48L. (1) The statement required to be furnished to the appropriate authority under Sub-section (3) of Section 269UC shall be in Form No. 37-1 and shall be signed and verified in the manner indicated therein by each of the parties to the transfer referred to in Sub-section (1) of that section or by any of the parties to such transfer acting on behalf of himself and on behalf of the other parties.
(2) The statement in Form No. 37-1 shall be furnished, in duplicate, to the appropriate authority :--
(a) before the 30th day of October, 1987, in a case where the agreement for transfer is entered into before the coming into force of Chapter XXC in the areas comprised in the 'Bangalore Metropolitan Region', and 'Ahmedabad Urban Development Area' and the areas comprised in the city of Ahmedabad, as referred to in the notification of the Government of India in the Department of Revenue No. S.O. 835(E), dated 21-9-1987 ;
(b) before the expiry of 15 days from the date on which the provisions of Chapter XXC come into force in any areas, other than the areas referred to in Clause (a), where the agreement for transfer is entered into before such date; and
(c) before the expiry of 15 days from the date on which the agreement for transfer is entered into, in cases not covered by Clauses (a) and (b).'
11. On a careful reading of the provisions of Section 269UC it appears that it is the duty of either the transferor or transferee in the case of any intending transfer to inform the authorities four months before such transfer. In this case, if at all the defendants have entered into a contract with the plaintiff for the lease of the property it was also the duty of the defendants to inform about the proposed transfer. The defendants being one of the defaulting parties to furnish information to the authorities should not be permitted to raise the objection that the plaintiff's suit shall be non-suited pursuant to Section 269UC. It is revealed from the provisions of Section 269UL that the registering authority would refuse to register the document under which the property is sought to be transferred in the absence of a certificate by the appropriate authority. Therefore, this can only be attracted when any of the parties to the agreement tenders the document for registration. Since the written statement has not yet been filed either admitting or disputing the agreement purported to have been executed by the defendants, it would be too early to suggest that the aforementioned provision would debar the plaintiff from filing the suit against the defendants.
12. In the suit since several other prayers have been made, it cannot be argued that the plaint would be rejected for want of proper certificate under the provisions of the Income-tax Act. The court will be also obliged to find out as to on whose failure the permission could not be obtained. Even prior to the decree, it is open to any of the parties to obtain the necessary permission from the authority, since the transfer is yet to be made.
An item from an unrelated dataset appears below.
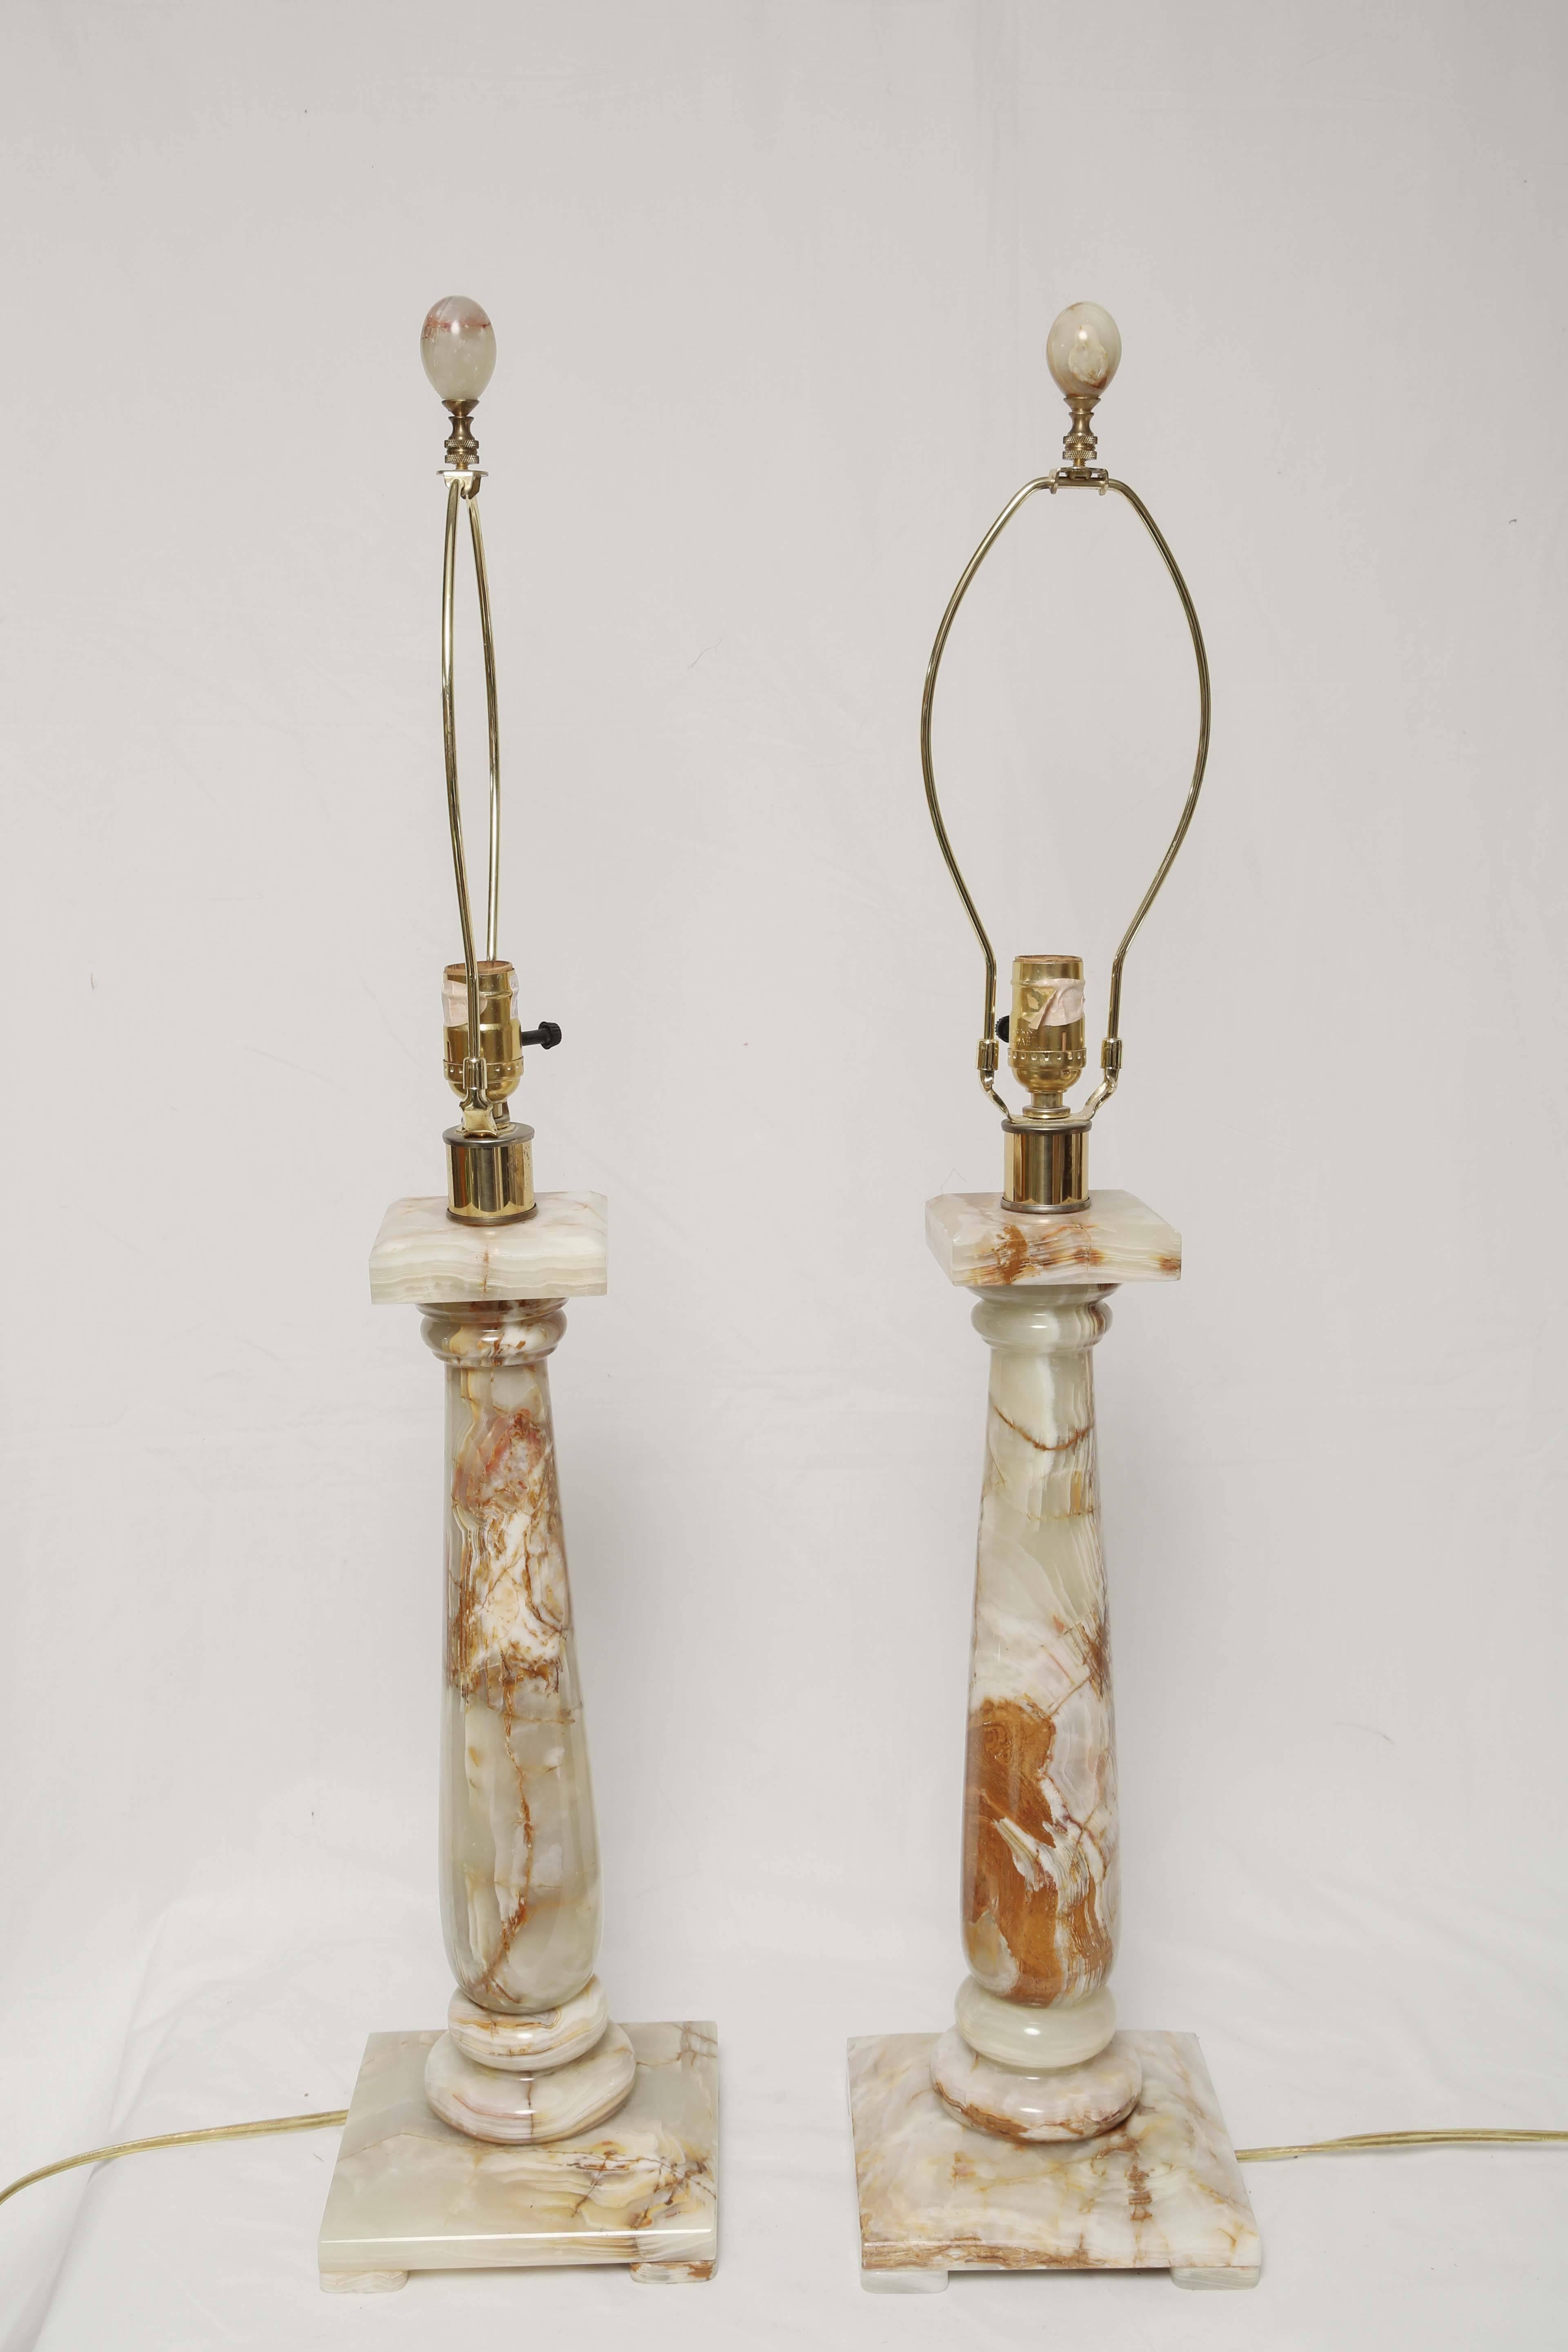 Pair of Mid-Century Modern Classical Hollywood Regency Architectural Onyx Lamps For Sale 1
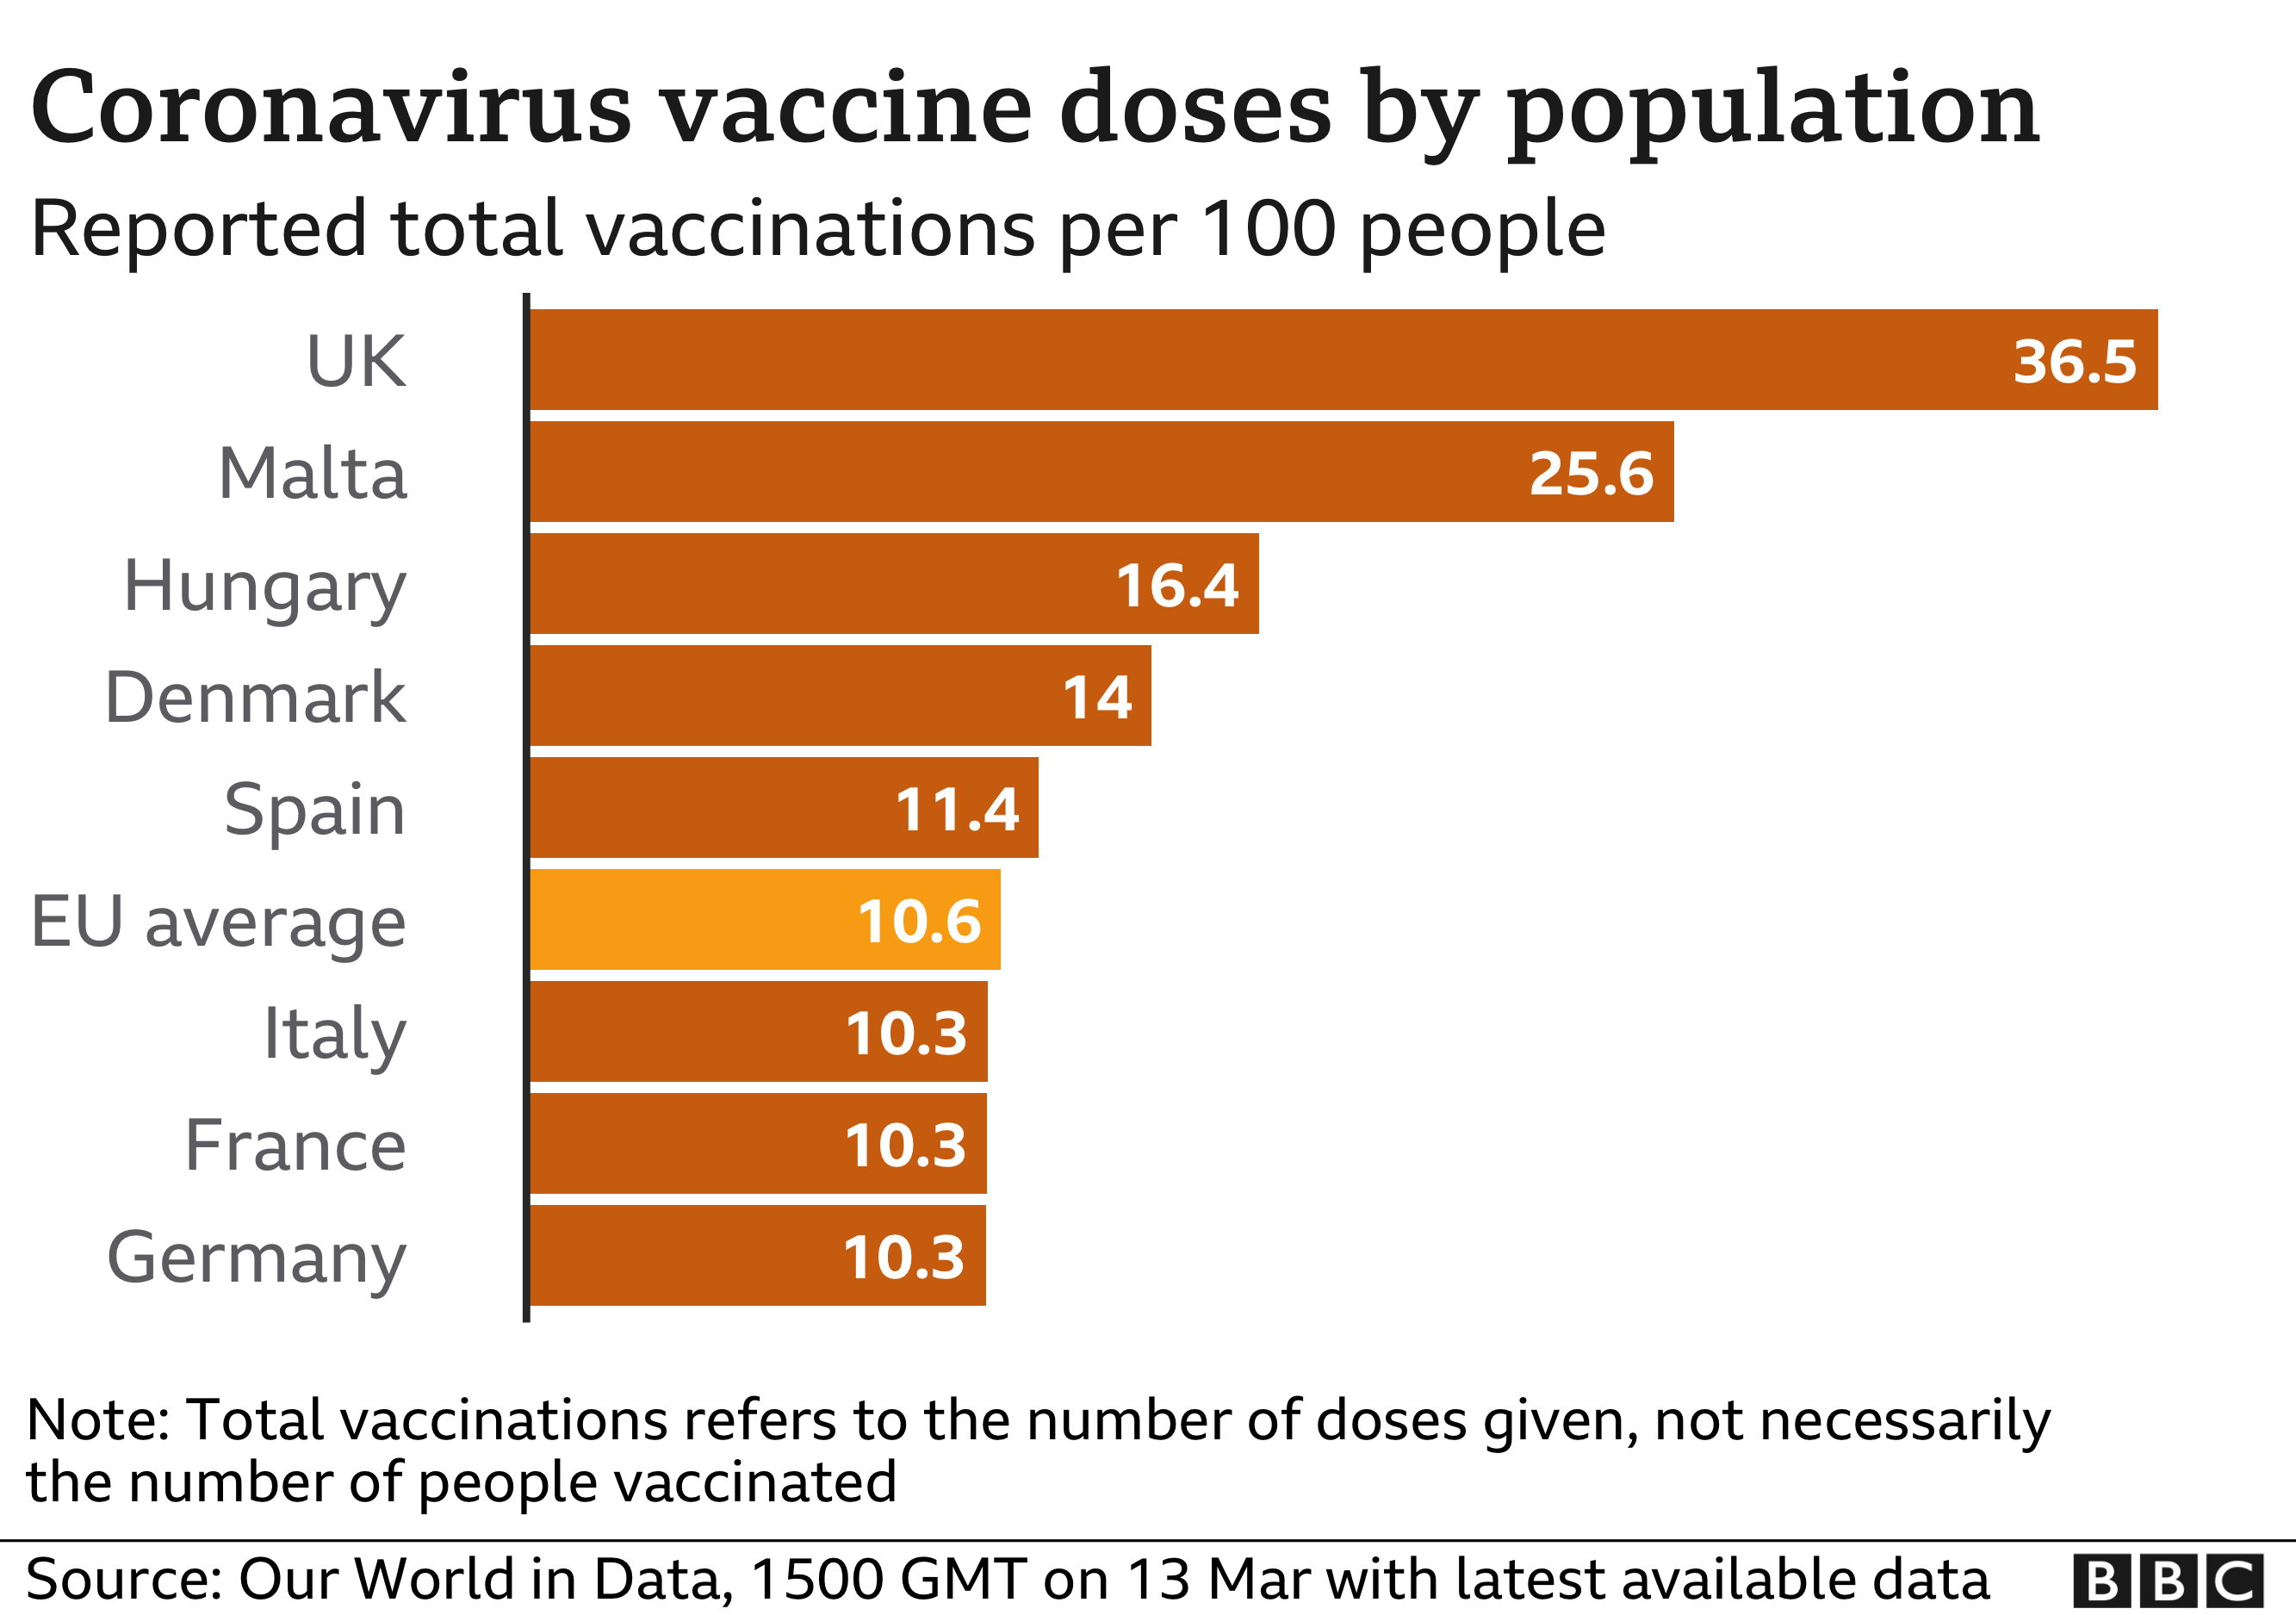 Vaccine doses by population 13-3-2021 - enlarge

13. Therefore, from the totality of the facts and circumstances of the case and on a careful consideration of the submissions made by learned counsel appearing for the parties, I feel that the learned trial court did not commit any jurisdictional or factual error in rejecting the application under Order 7, rule 11 of the Civil Procedure Code, 1908. Accordingly, I do not find any merit in the revisional application and the same is dismissed but in the circumstances without costs.
14. Heard the learned advocate for the petitioner for prayer of stay of operation of the order. I do not find any merit in such submission. Accordingly, the petitioner's prayer of stay of operation of the order is hereby rejected.